▶ Task
Nothing but the lines below from the one that contains "Venezuelan lawmaker Pedro" through the one that contains "Чехол накладка Silicon" should be retyped, exactly and including both ends. Do not include pictures.

▶ Data for review
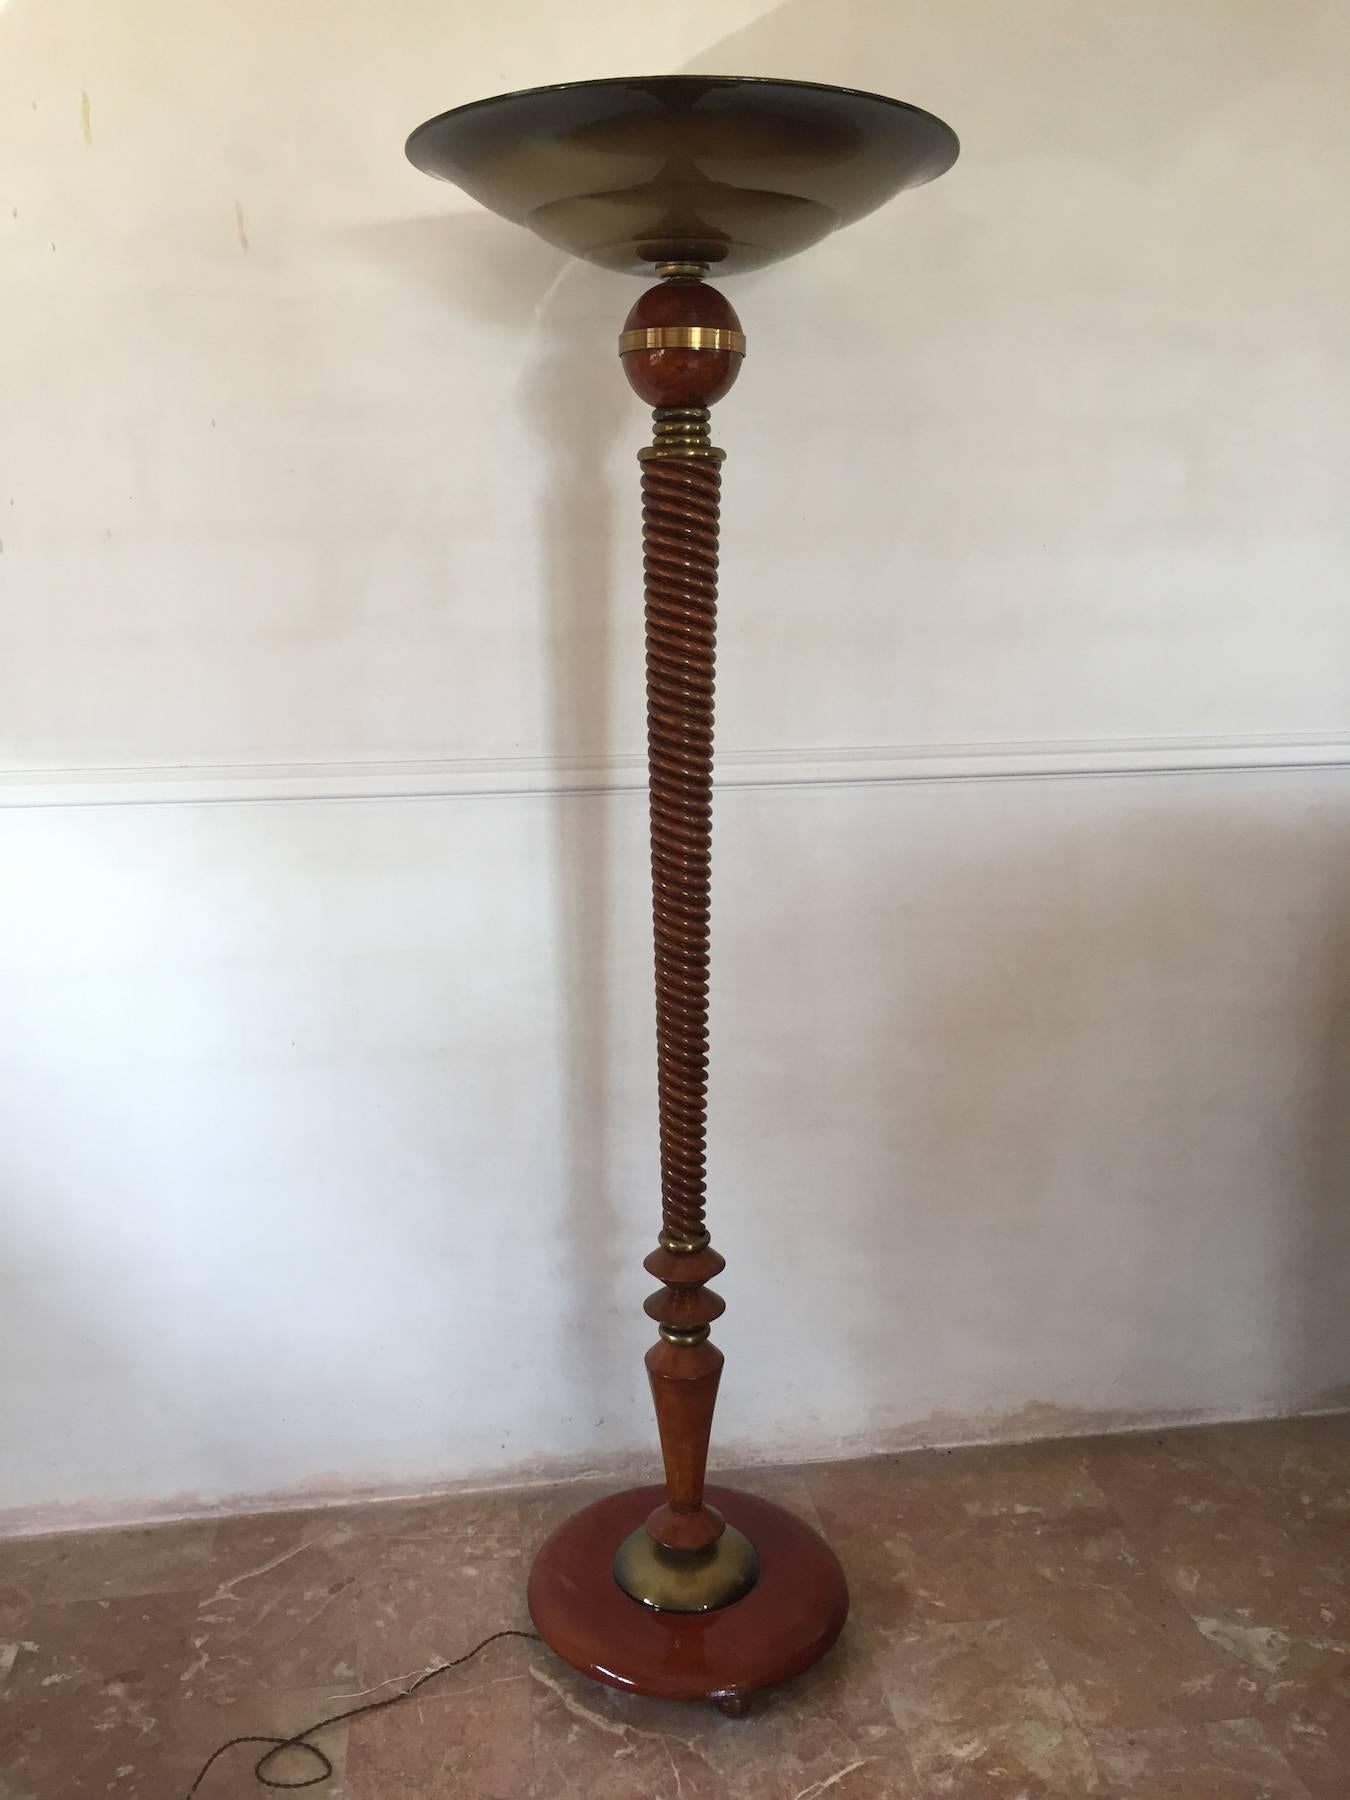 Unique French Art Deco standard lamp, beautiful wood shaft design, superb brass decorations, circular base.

==

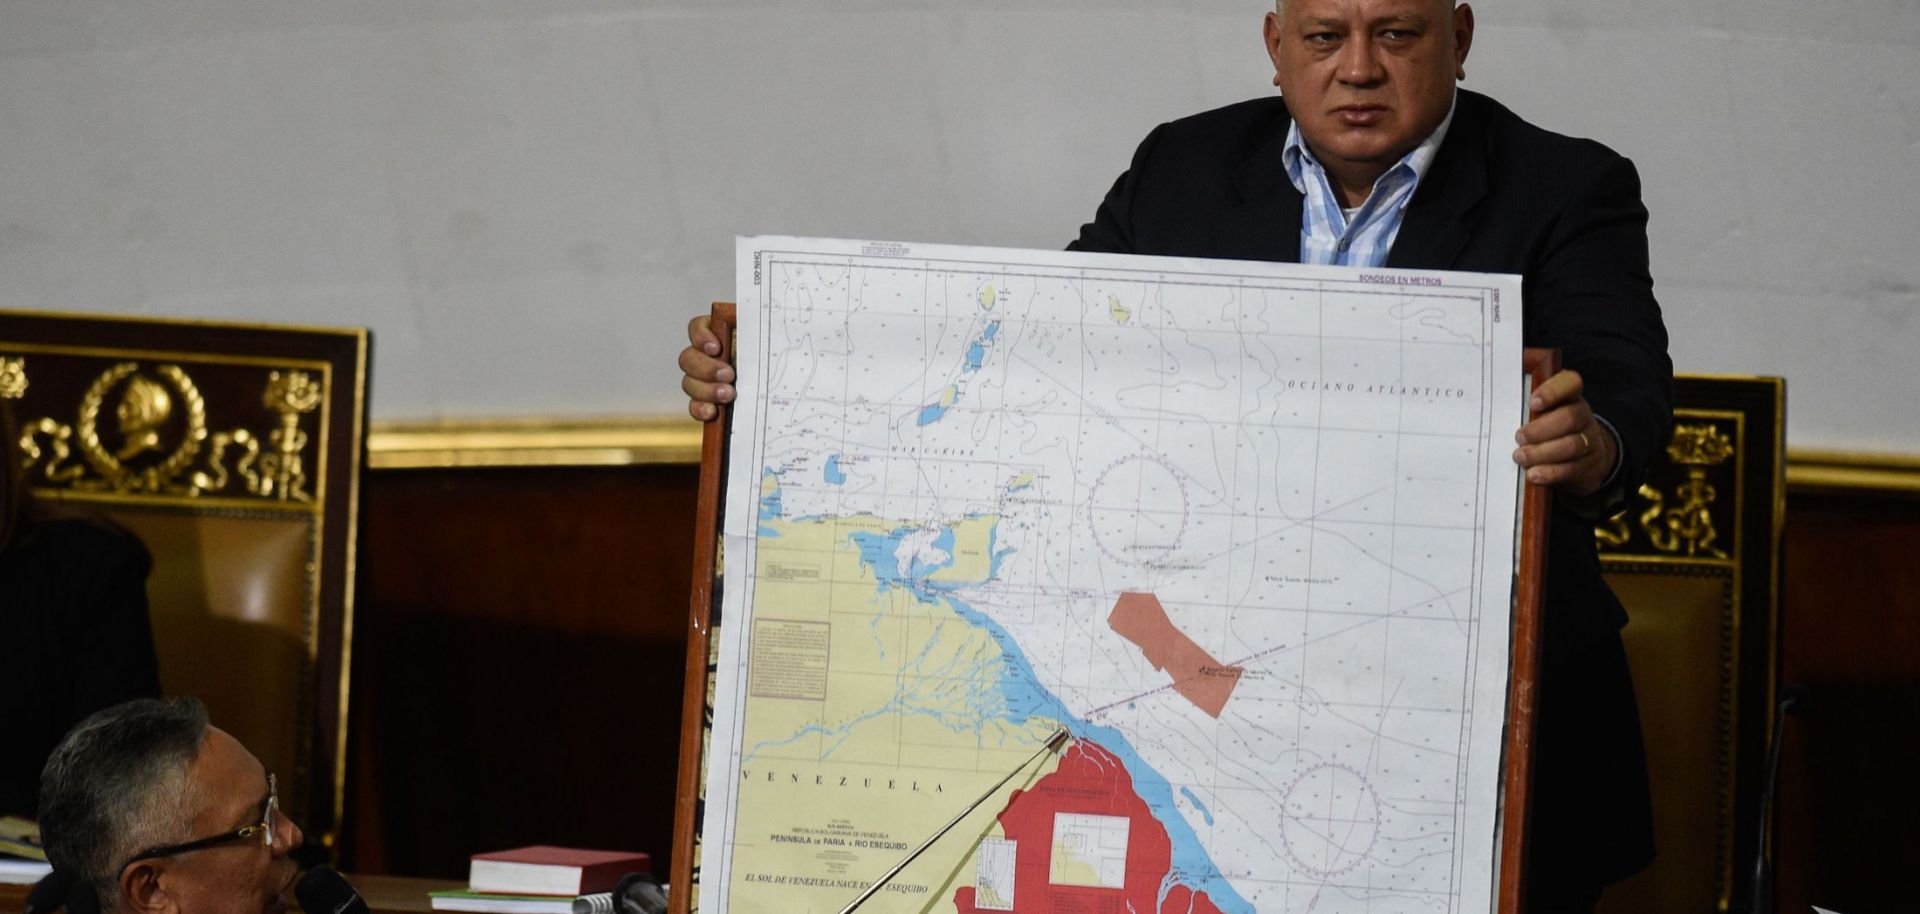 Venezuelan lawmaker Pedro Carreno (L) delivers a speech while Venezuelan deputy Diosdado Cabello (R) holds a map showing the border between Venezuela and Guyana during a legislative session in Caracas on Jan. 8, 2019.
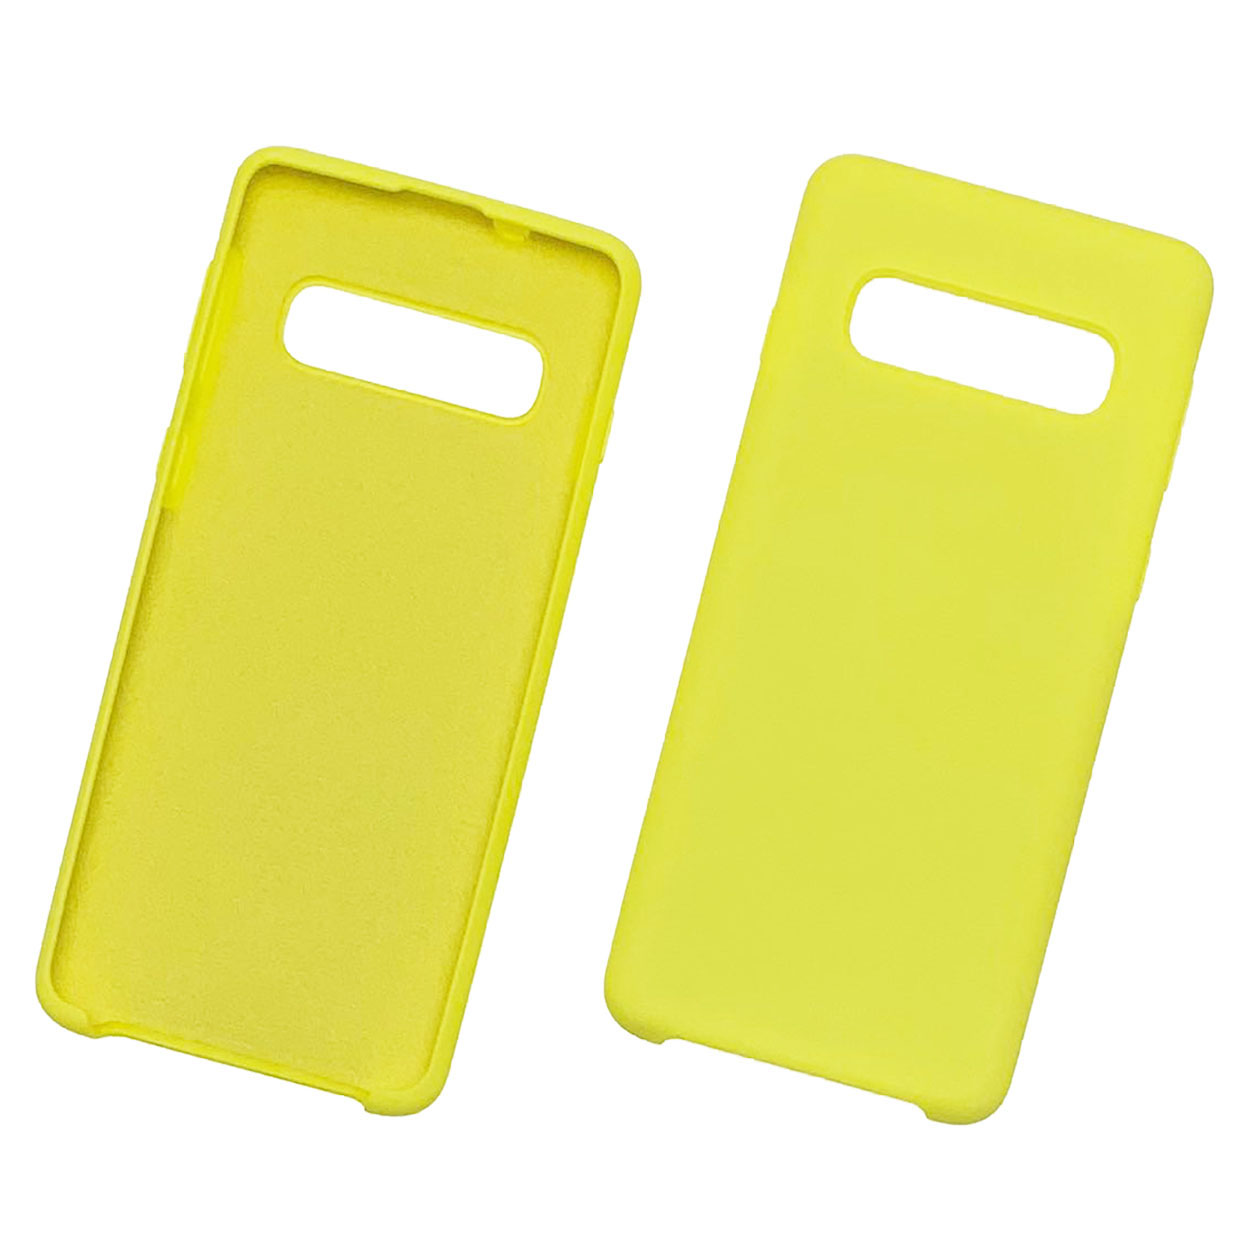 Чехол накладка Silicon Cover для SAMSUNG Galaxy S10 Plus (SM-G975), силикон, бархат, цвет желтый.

--

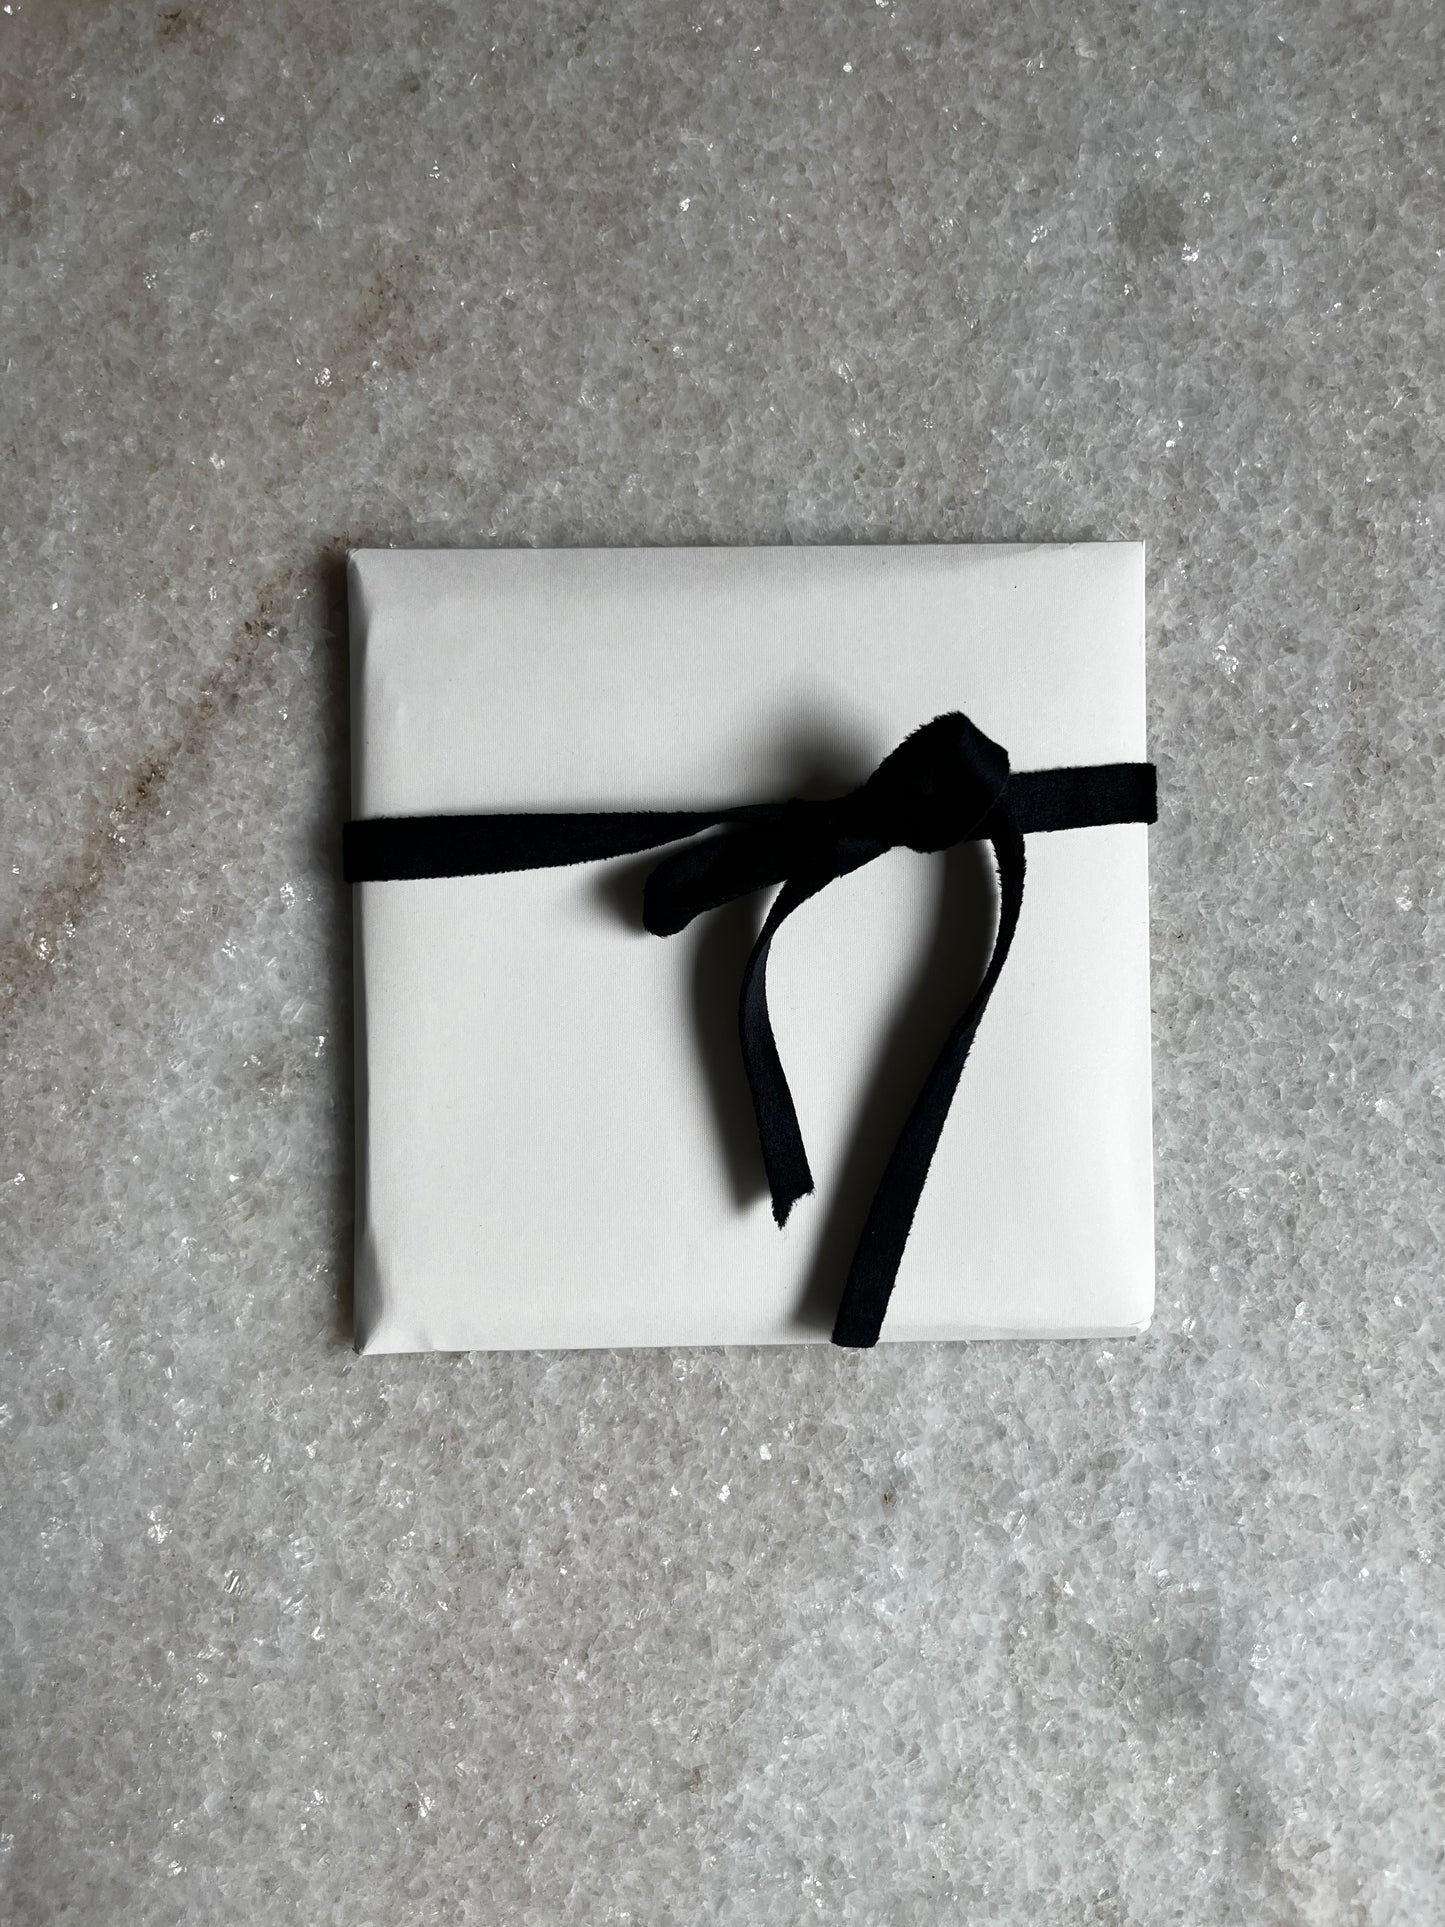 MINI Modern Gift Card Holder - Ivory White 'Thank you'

▶ Answer to this exercise
 Venezuelan lawmaker Pedro Carreno (L) delivers a speech while Venezuelan deputy Diosdado Cabello (R) holds a map showing the border between Venezuela and Guyana during a legislative session in Caracas on Jan. 8, 2019.
 Чехол накладка Silicon Cover для SAMSUNG Galaxy S10 Plus (SM-G975), силикон, бархат, цвет желтый.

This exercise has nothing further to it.